Australian Shepherd

Description Australian Shepherd

Smart, Kind, Protective
The Australian Shepherd impresses with its beautiful appearance and high intelligence. The penetrating, bright look has already melted many hearts. Although generally sociable, they are not suitable as a beginner’s dog. If you want to own a dog of this breed, you need to know what you are getting yourself into.FCI Group: Herding Dogs – Cattle Dogs

  • Size: medium
  • Weight: 16-32kg
  • Life expectancy: 13-15 years
  • Coat Type: Medium Hair
  • Colors: Merle Factor, Red Merle, Black, Red Tri, Black Tri, Blue Merle, Red

Character Australian Shepherd

The Australian Shepherd is a herding and herding dog. The breed has been recognized by the FCI since 1996 and belongs to Group 1, Section 1: German Shepherds. The name of the breed is often abbreviated as Aussie.
Aussies are of medium height and weight with an athletic, well-balanced build.
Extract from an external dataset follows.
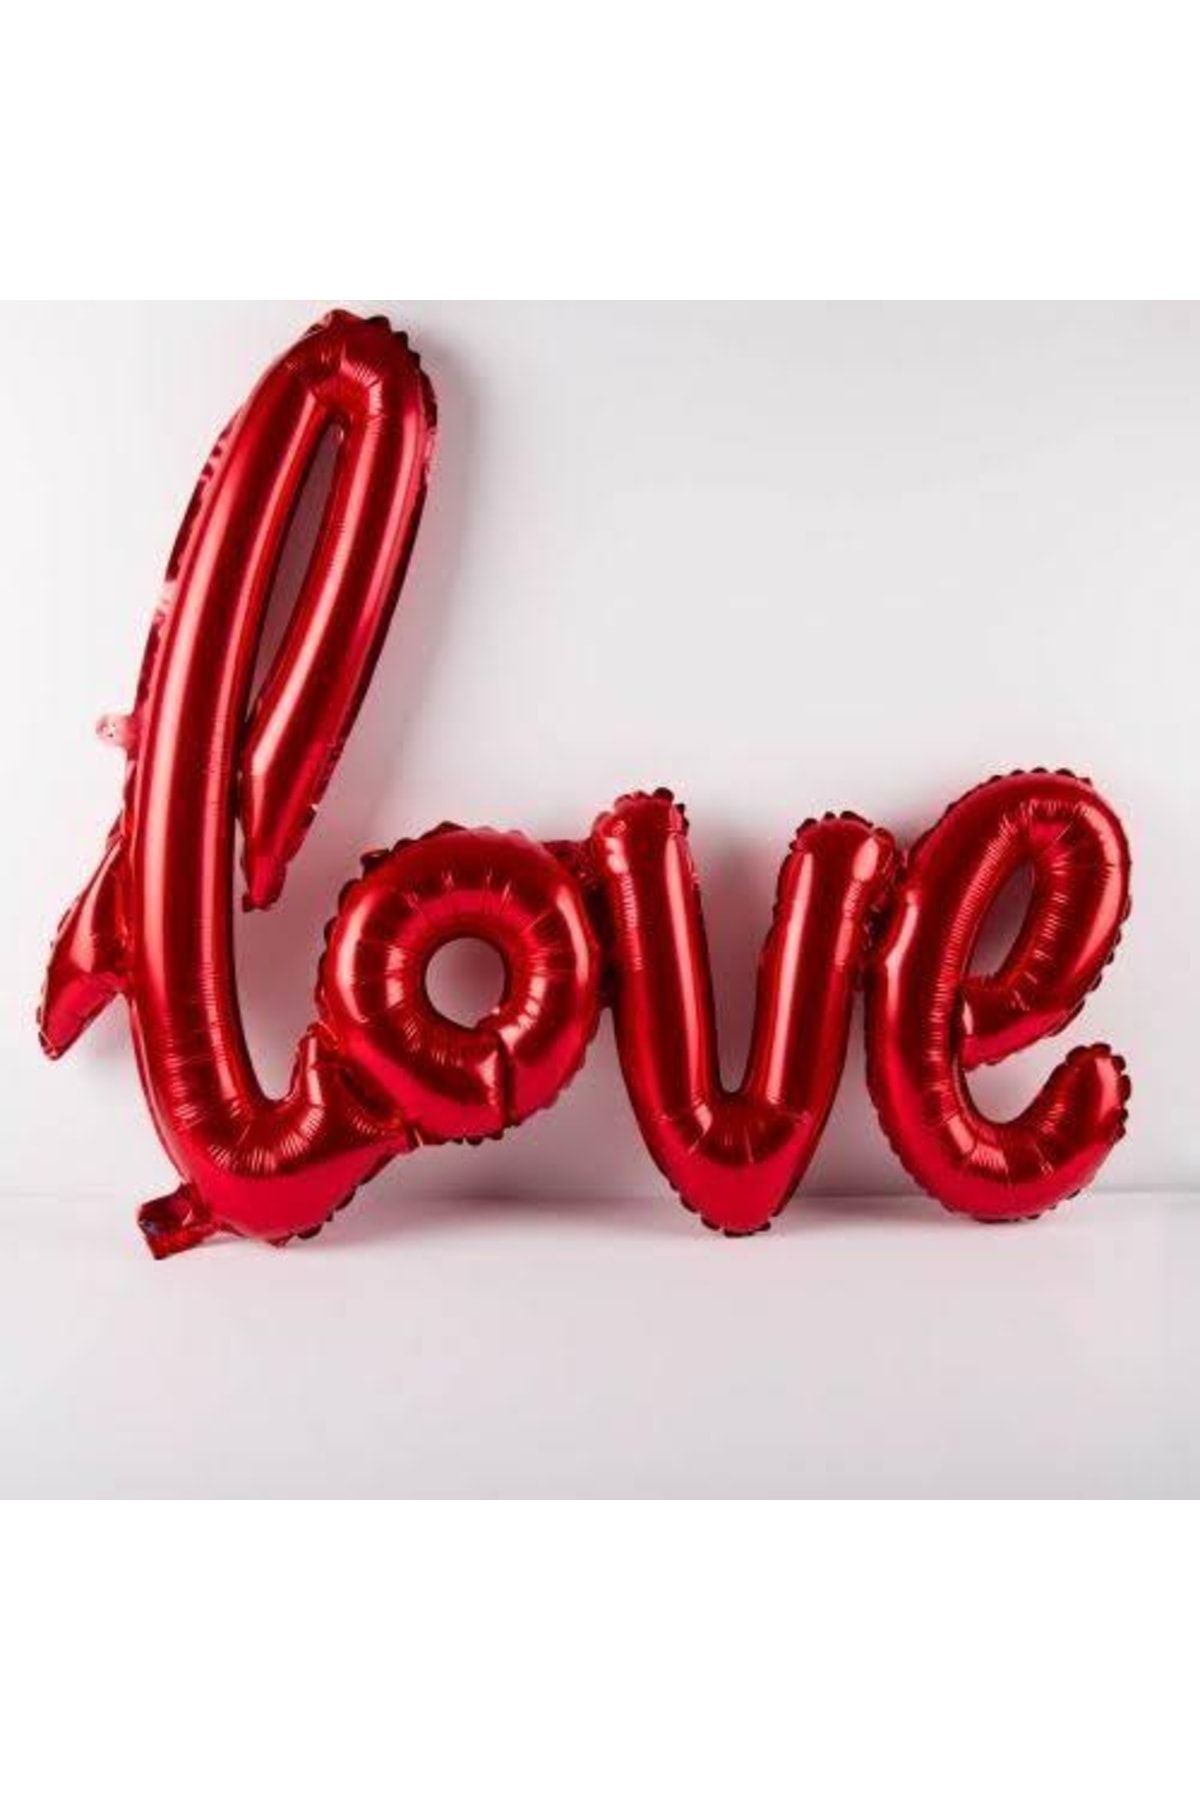 BALONBURADA Folyo Balon Love El Yazılı Helyum Balon Kırmızı Renk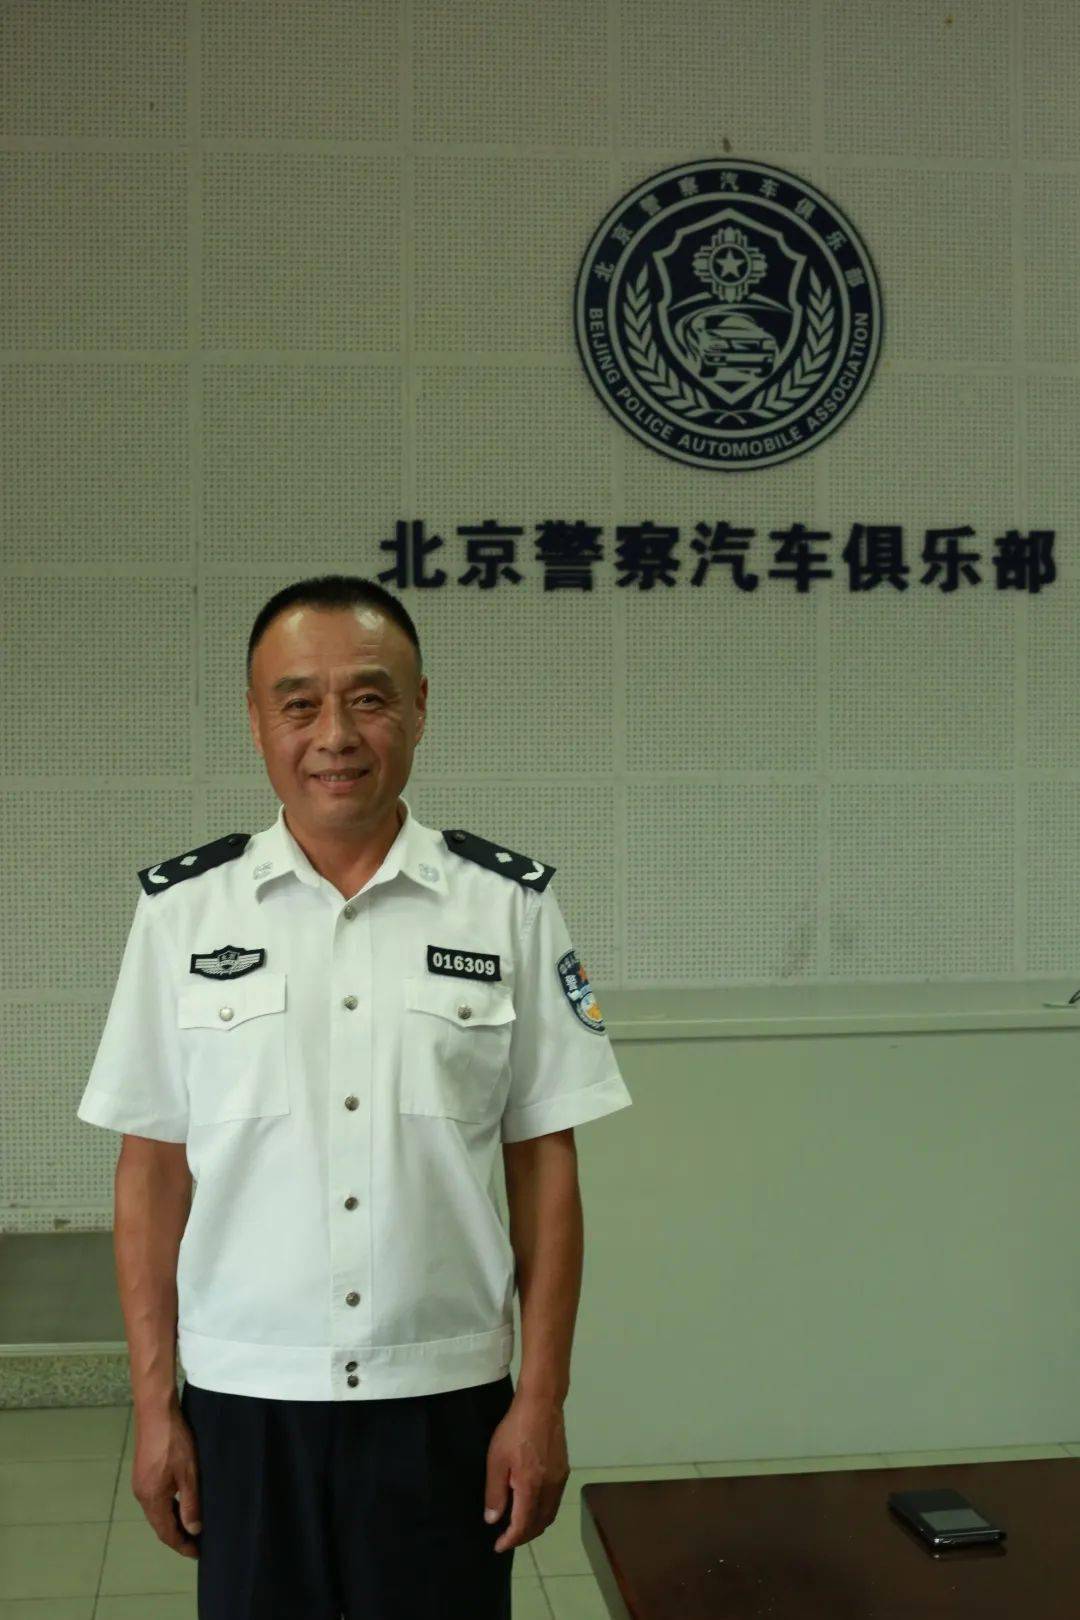 柳实:现任北京警察学院教授, 警务车辆特种驾驶技战术课程负责人

Males reach a size of 51-58 cm, females 46-53 cm.

According to the breed standard, there are no exact weight limits. It should fit the general image of the dog. Therefore, many use the guide value of a maximum of 28 kg.
The head is well proportioned to match the rest of the body. The stop is clearly visible, but not very pronounced.

This means the transition from the bridge of the nose to the forehead. The eyes are almond shaped and medium sized. They are one or two-tone blue, brown, or amber.
The triangular tipped ears are slightly rounded at the top. The breed standard does not allow standing or hanging ears.

Another characteristic feature is the shortened tail, also known as the natural bobtail (NBT). In some animals it is innate. However, in some countries where it is not illegal, breeders dock the tail afterwards.
Aussies have two layers of fur. The dense undercoat keeps you warm in wind and weather.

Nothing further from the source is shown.